ウォルも、リィの、悲しみに染まった緑柱石色の瞳を見た。そこには、情欲の炎など、一欠けらも存在しなかった。

 ウォルは、諦めたようにため息を吐き出した。

 

「今なら、お前に抱かれてもいいような、そんな気がしたのだがな」

「悪いが、今はこっちの方が、そんな気分じゃない。男の方がやる気にならないと、どうしたって俺とお前はつがえないだろう」

「それはそのとおりだな。あいにくおれは、やる気のない男をその気にさせる、媚態も技術もない、ただの生娘だ。お前のほうから押し倒してもらわねば、どうしようもない」

 

 くつくつとウォルは力なく微笑う。

 そんなウォルを、リィはちらりと見遣り、

 

「それにウォル、今の話を聞いて、おれがお前との間に子供が欲しいと考えると思うのか?」

 

 そんなことを言った。

 自らを拒絶するリィの言葉に、しかしウォルはうろたえず、ただ残念そうに言った。

 

「やはり駄目か?」

 

 リィは再び、ウォルから視線を外し、先ほどのウォルと同じように、分厚い群雲を眺めた。

 

「おれは、自分が、人の親になる資格のある存在じゃないって知っている。だからウォル、あちらの世界でポーラと子を為し立派に育てたお前を、本当に尊敬しているよ」

 

 言葉はウォルを褒めていたが、心はそうではないのだと、リィの苛烈な視線が言っているようだった。

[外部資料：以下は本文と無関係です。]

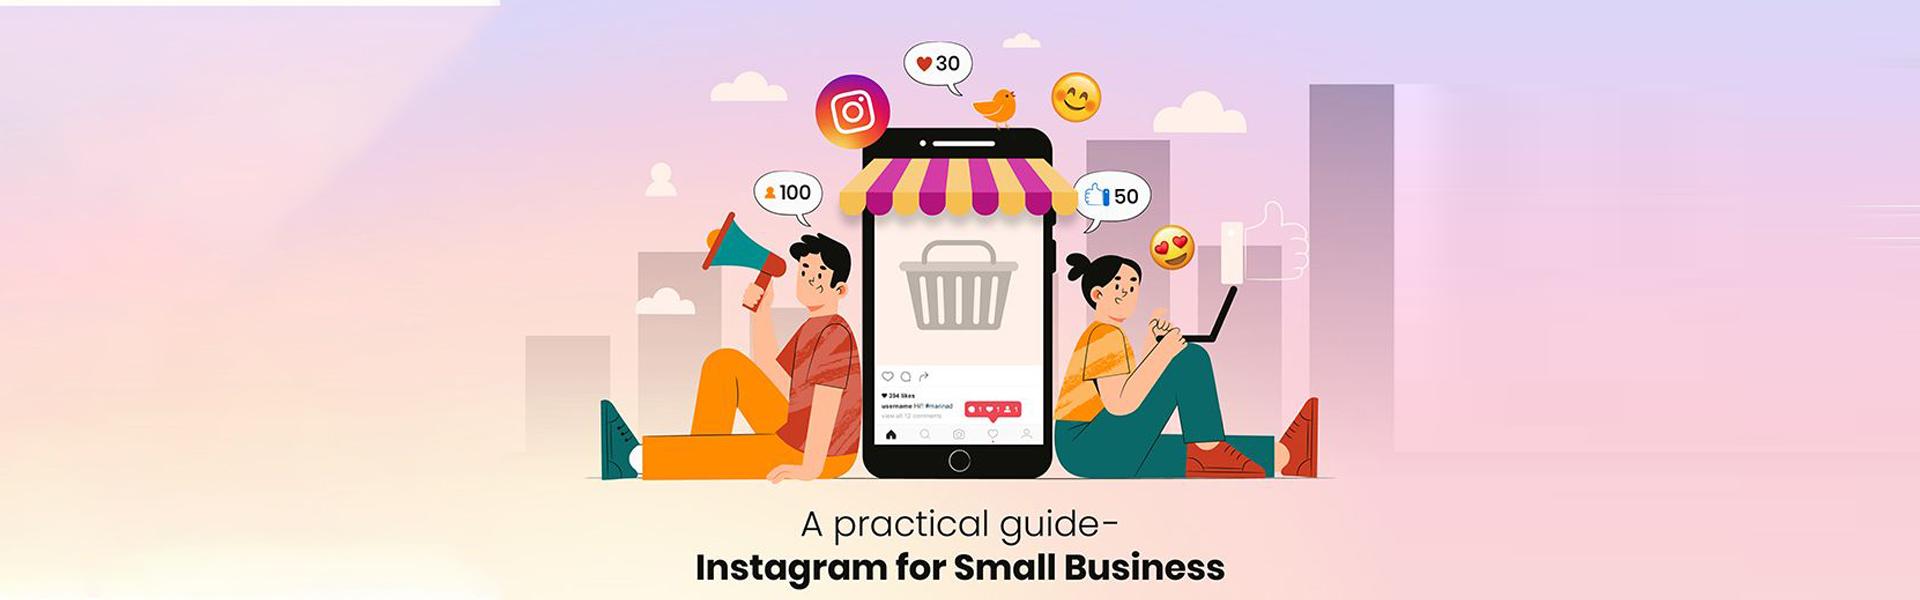 Instagram for Small Business 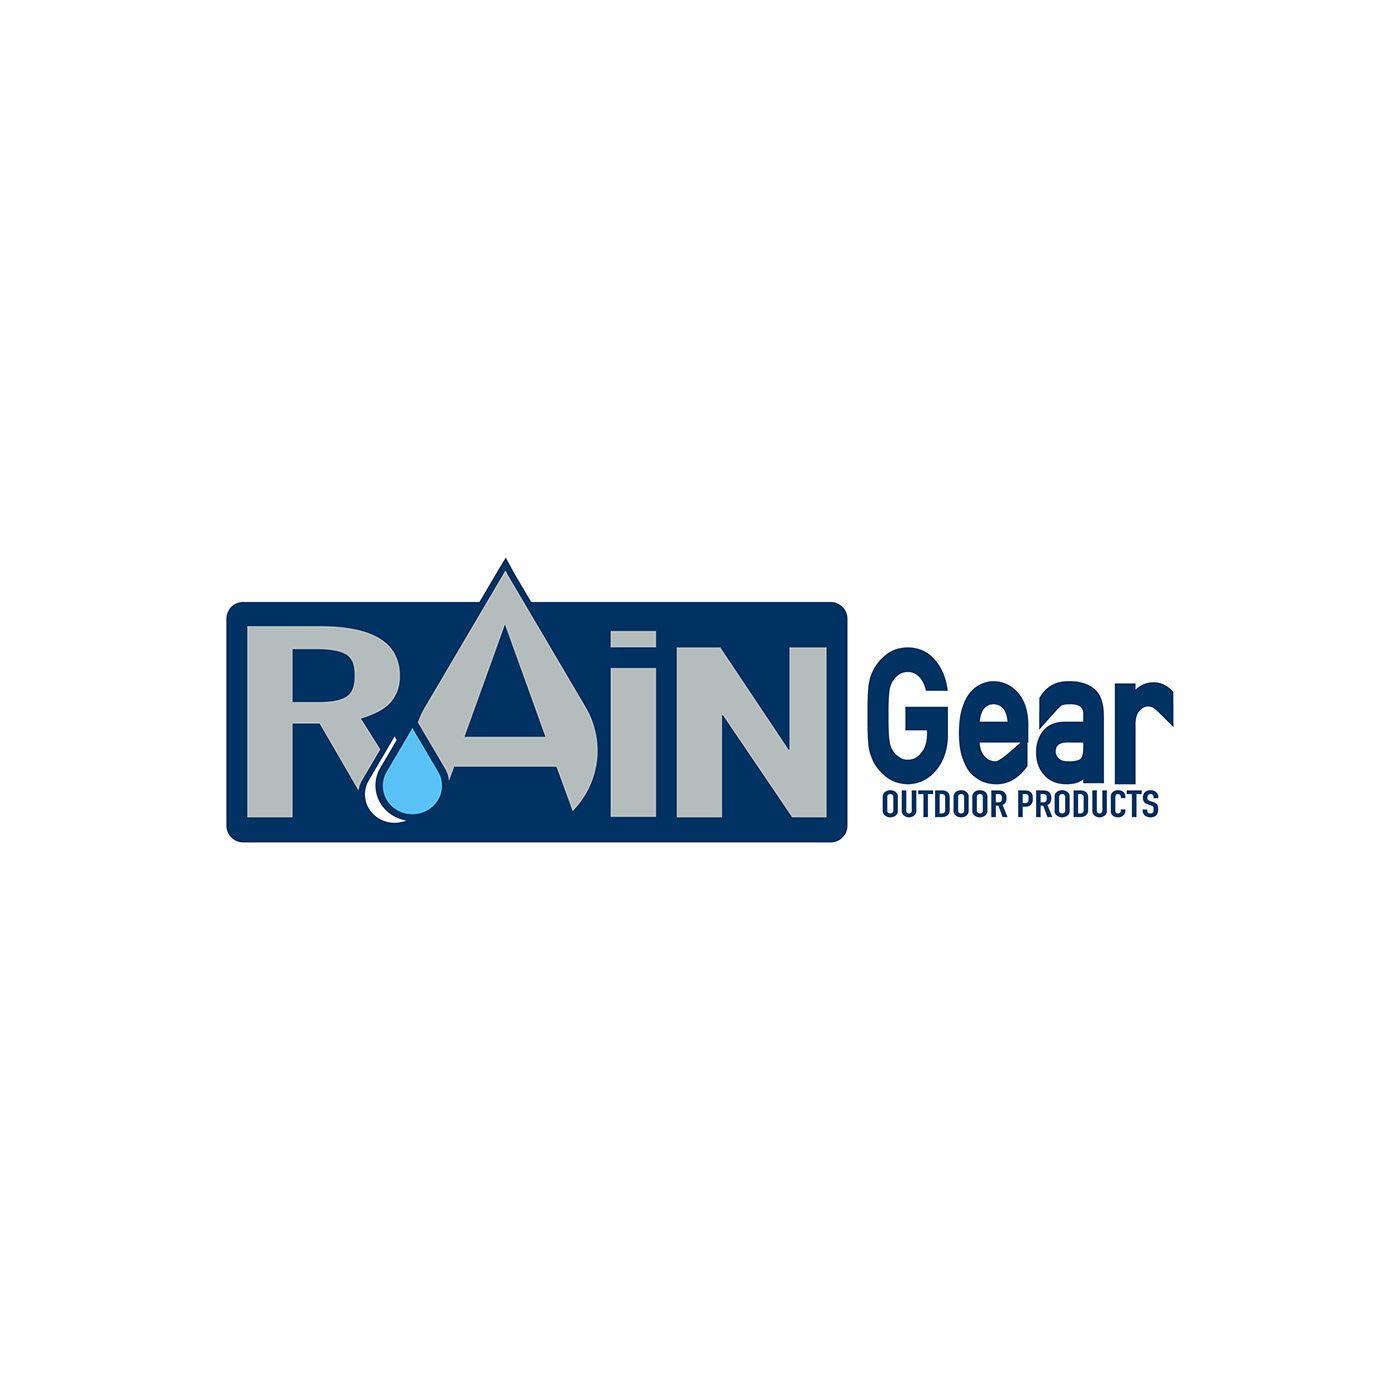 Outdoor Products Logo - RAIN GEAR Outdoor Products on Behance

 ウォルは、自身の罪を糾弾されたように、悲し気な視線をリィに向けていた。

 

「それでもウォル、いつかおれが子供を持つようなことがあったとして、もしもおれがその子に愛情を感じることができたなら……その子には、できる限りの愛情を注いでやりたい。そして、できる限り、自由な生き方を選んでほしい。少なくとも、その選択肢を増やしてあげられるよう、おれはその子を育ててあげたいと思う」

「親として当然の願いだな」

「だからウォル、おれは、お前との間に、子供を作ることができない。最初から呪いを与えるのが目的で──呪いを引き継がせるために子を為すなんて、そんな恐ろしいこと、おれにはできないよ」

「そうか……」

 

 ウォルは悲しそうに呟いた。

 

「なるほど、これではお前と殴り合いの喧嘩をする余地すらないか」

 

 リィも、悲しそうに頷いた。

 

「もしもお前が、何もわからずに子供に自分の願いを引き継がせるつもりなら、殴ってでもわからせるつもりだった。でも、お前は全てを承知で、子供に願いを引き継がせようという。なら、殴ったって無駄だ。そんなことで、お前みたいな石頭が自分の意見を曲げるもんか」

「石頭とはひどいな。信念を曲げないとか、決意が固いとか、色々言い方があるだろうに」

「お前みたいな石頭には、石頭で十分だ」

 

 リィはくすくすと笑った。

 ウォルも、同じように笑った。

 そして二人が笑いを収めたとき、そこには沈黙があった。

 どちらも、口を開かない。一たびその沈黙を破ってしまえば、その後に致命的なことを口にせざるを得ないからだ。

 そして二人ともが──獅子王と呼ばれたウォルも、闘神の娘と呼ばれたリィも、そのことを恐れているかのようだった。

 なぜなら、どちらかが口を開いたとき──二人の関係が、決定的に変わってしまうのだ。

 剣の誓いにかけた同盟者ではある。兄と妹ではある。そしてもちろん、大事な人でもある。

 

 ただ──二人は、婚約者では、なくなる。

 

 ウォルは、子供が欲しいからと、リィと婚約を結んだ。その時に、ただ自分のために都合がいいから、おれと番おうとリィを説得した。

 そして今、全ての事情を承知したリィは、ウォルとの間に子を設けることを拒絶した。

 ならば、婚約を続けることに意味はない。

 二人のどちらも、そのことを理解していた。そして、どちらかが、そのことを指摘する必要があった。

 もう、元には戻れないのだ。

 どちらからがその言葉を口にしなければ、この会話は終わらない。

 そのことを、二人は恐れているようだった。

 人形のように固まる二人は、息をしているかどうかすら怪しいように、動きを止めていた。

 そして、果たしてどちらかが、固い決意とともに口を開きかけた、その時。

 

「よう、久しぶりだな、ヴィッキー……って、悪い、取り込み中だったか?」

 

 そこには、リィにとって見覚えのある人物の姿があった。

 マンフレッド・グレン警部が、些か居心地悪そうに頭を掻きながら、二人の前に立っていた。